Saturday, December 13, 2008
The Queen of Guilty Pleasures - Part Two
Agent Tersarius alighted into the office like a crane on a branch. He perfunctorily flashed his badge. “I’m glad to meet you, Detective Sloan, and I appreciate your contacting us.”
The LAPD detective sat back. “I hope this isn’t a false alarm.”
“We evaluated your message. That’s why I’m here.”
“You think there may be something to this?"
“Ever since the Prohibition of Human Cloning Act of 2003 was passed, we’ve had a protocol enforcement.”
The detective sat up straight. “I guess you have a serious forensics background. It must be interesting.”
“Actually, I’ve been mostly stuck in a lab, and it gets boring as crap.”
He smiled. “I enjoy getting out of the lab. There are only a handful of FBI agents who can do forensic microbiology."
The detective’s eyes began to glaze. He shrugged and pushed a sheaf of papers towards Agent Tersarius. “Here’s the full report from the attending physician who treated the subject.”
Tersarius flipped though the papers as the detective spoke. “As an assault, it’s fairly atypical,” Sloan continued. “There was no prior contact, no communication during the assault, no attempt to take any valuables, and there was no attempt on the woman’s life.

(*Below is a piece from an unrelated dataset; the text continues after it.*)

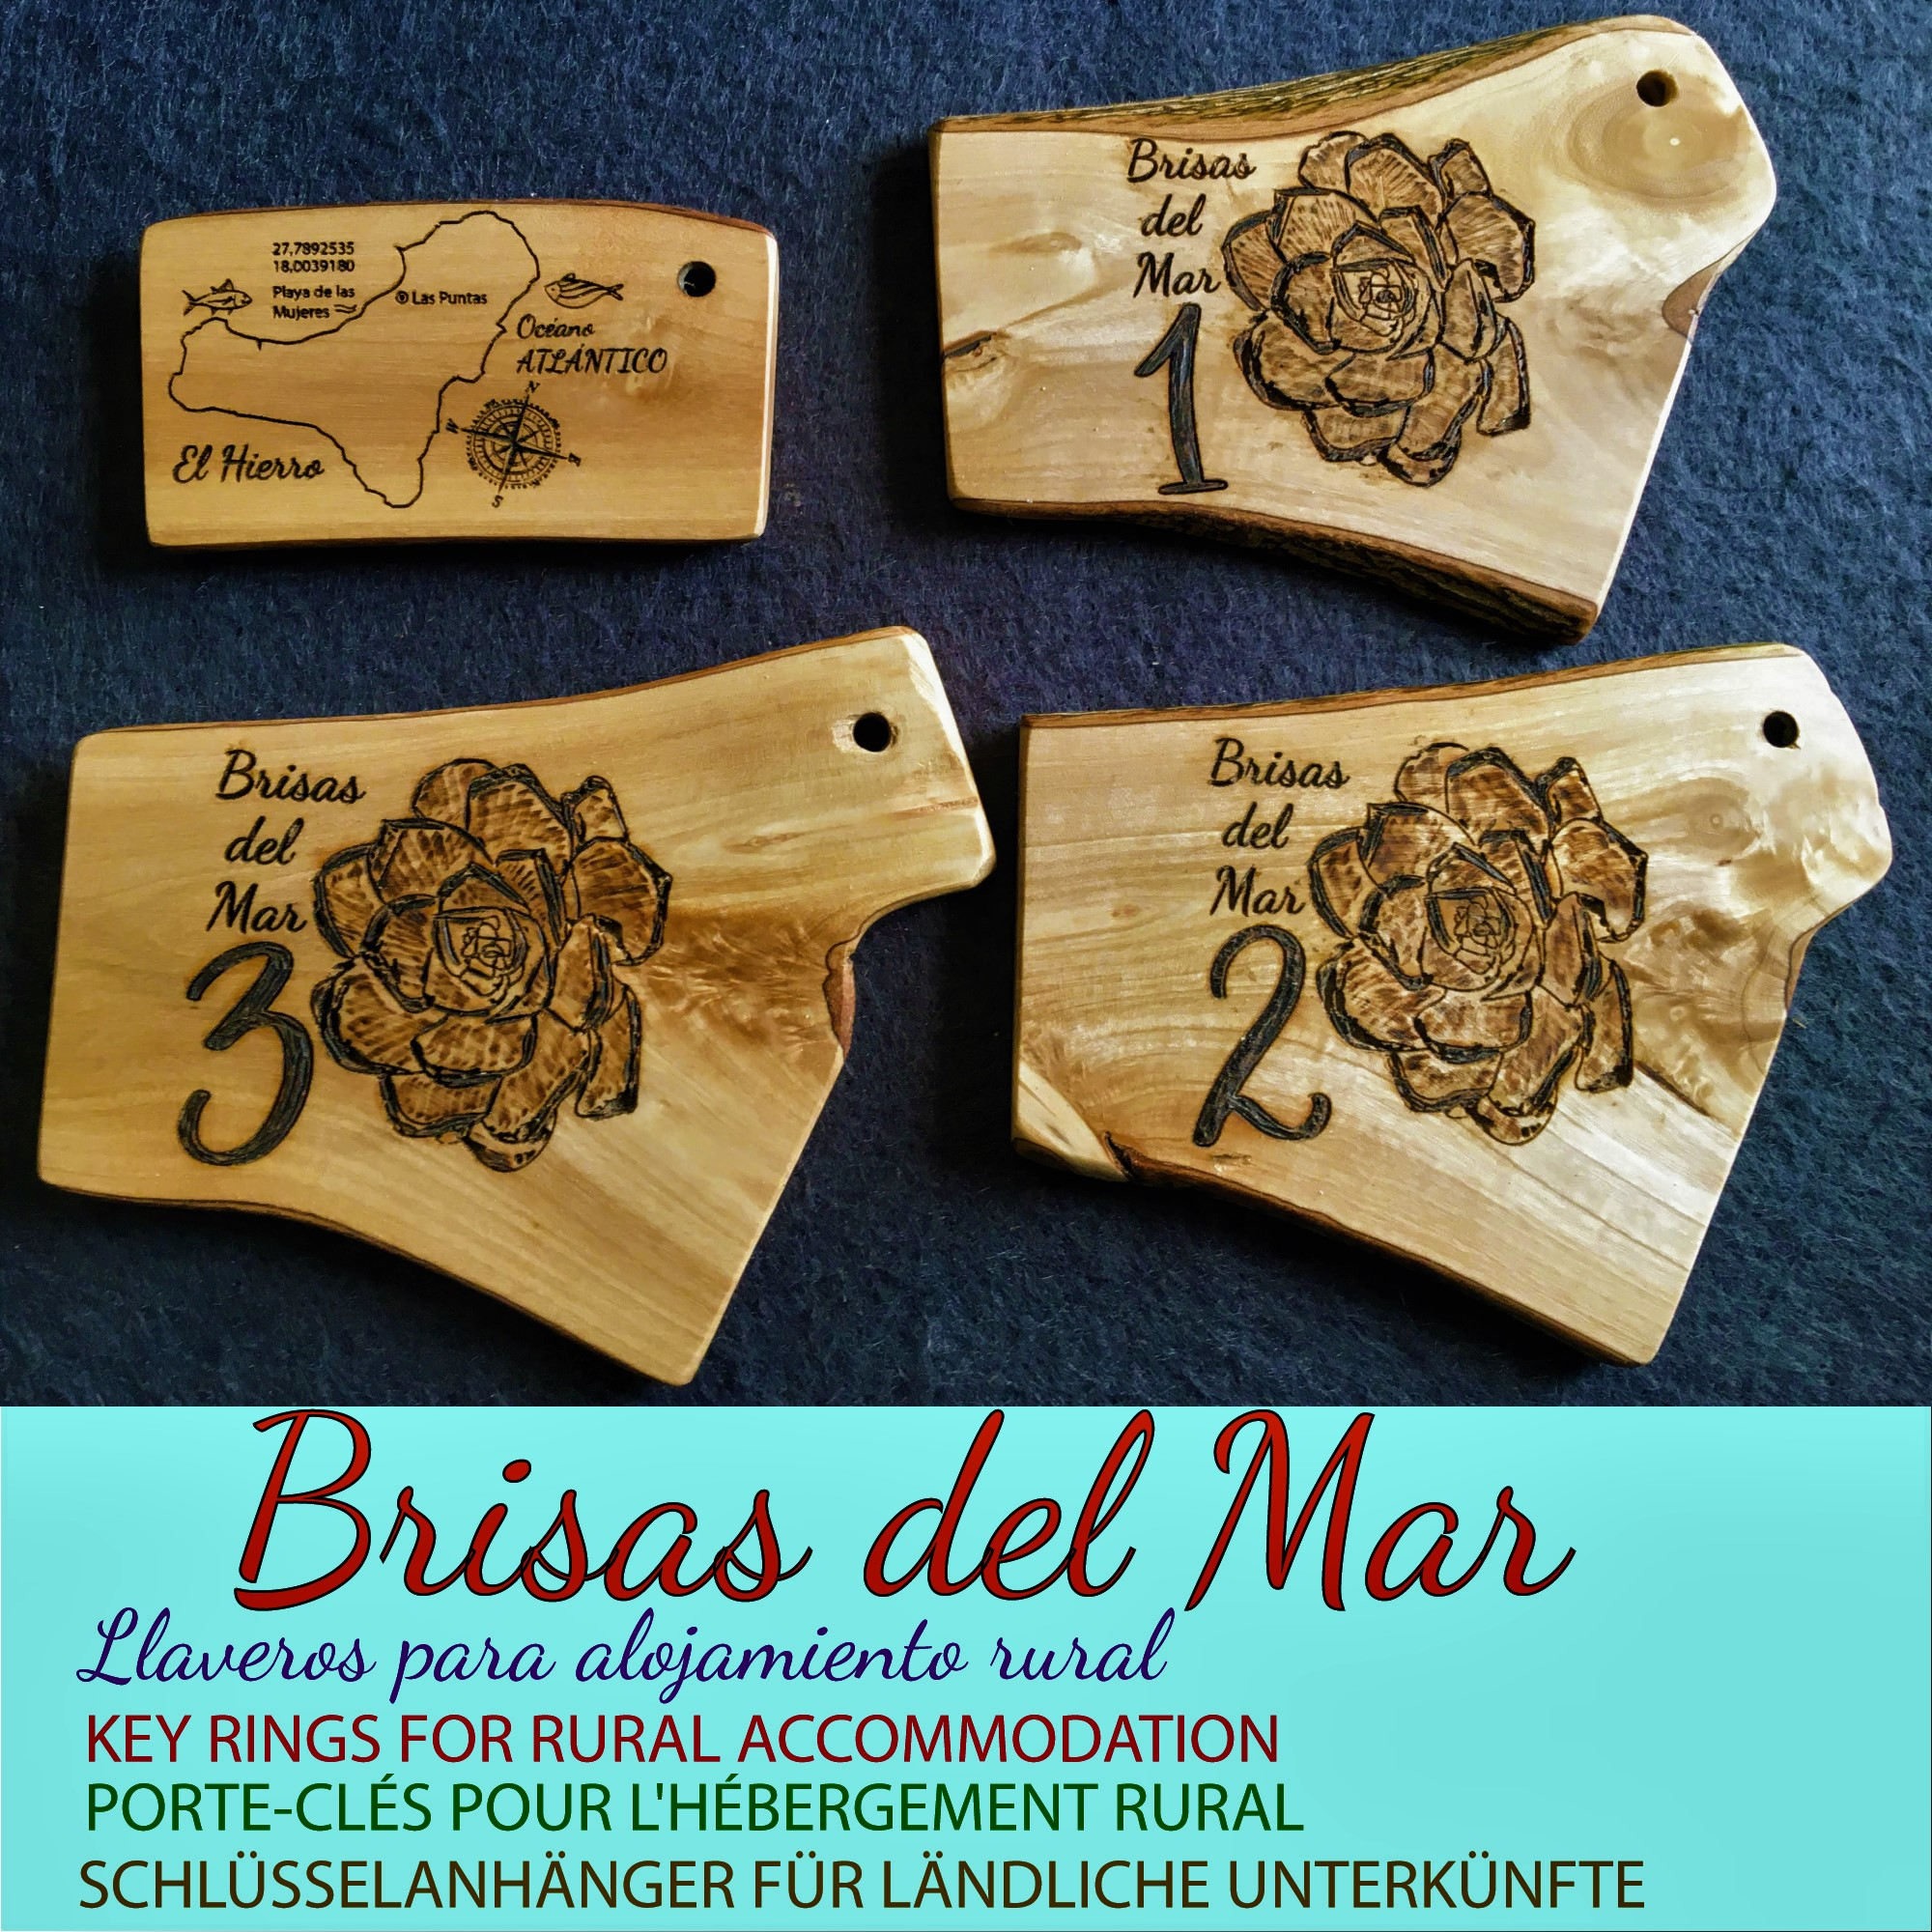 llaveros personalizados, personalized key rings, individuelle Schlüsselanhänger, porte-clés personnalisés, portachiavi personalizzati

For now, it’s still only an assault. The bells went off because of the comments the attending physician added.”
“Yes, I see. Wound indicates attacker used specialized tool normally used for taking tissue sample from cadavers.”
Tersarius looked up. “That’s the operative term, tissue sample.”
“When I came to where you first mentioned the victim’s name, I thought it sounded familiar,” he continued. “Googled up a storm.”
“She’s lived in LA for many years. She was pretty famous in her day — they say she had 20,000 pin-up photos made in the ‘50s.”
Tersarius looked up. “Maybe some rich old man wants to re-live a teenage fantasy?”
“Is that possible?”
“I doubt it, but someone may be running an elaborate scam. Anyhow, it’s the thought that counts," he said with a thin smile. “I’ll take the case from here.”
“No problem, I wouldn’t know where to start, if this is what you think it is,” said the detective. “Now I have the good news and the bad news.”
“Give me the good news first.”
“A few minutes before the attack, while he was stalking the victim in the store, the perp stopped to make a cell phone call, and as he held the phone, a surveillance camera could see the key pad. We got the area code and exchange.”
Detective Sloan handed him a slip of paper. “Outside Dallas,” he said. “A town called Juniper Valley.”
“Texas A&M has been in the forefront of cloning technology for years,” said Tersarius. “What’s the bad news?”
“The plate is untraceable.”
“I guess that's not surprising.”
They both knew that with the corruption in Texas law enforcement caused by the Mexican drug cartels, more and more organized crime protection rackets were being run out of the state. "Somebody in law enforcement probably procured the plate," thought Tersarius.
Detective Sloan showed him to the door. “You think someone is finally trying to clone a person?”
“You know the saying. I’m not paid to think. But if someone is trying to violate the law, it’s my deal.”
He squared the papers. “By the way, how is the victim?”
“She’s fine, but still shook up. I’m sure she would have been happier if someone asked for her autograph.”
“Ouch.” The agent dropped the papers in his briefcase. “I’ll let you know what I find.”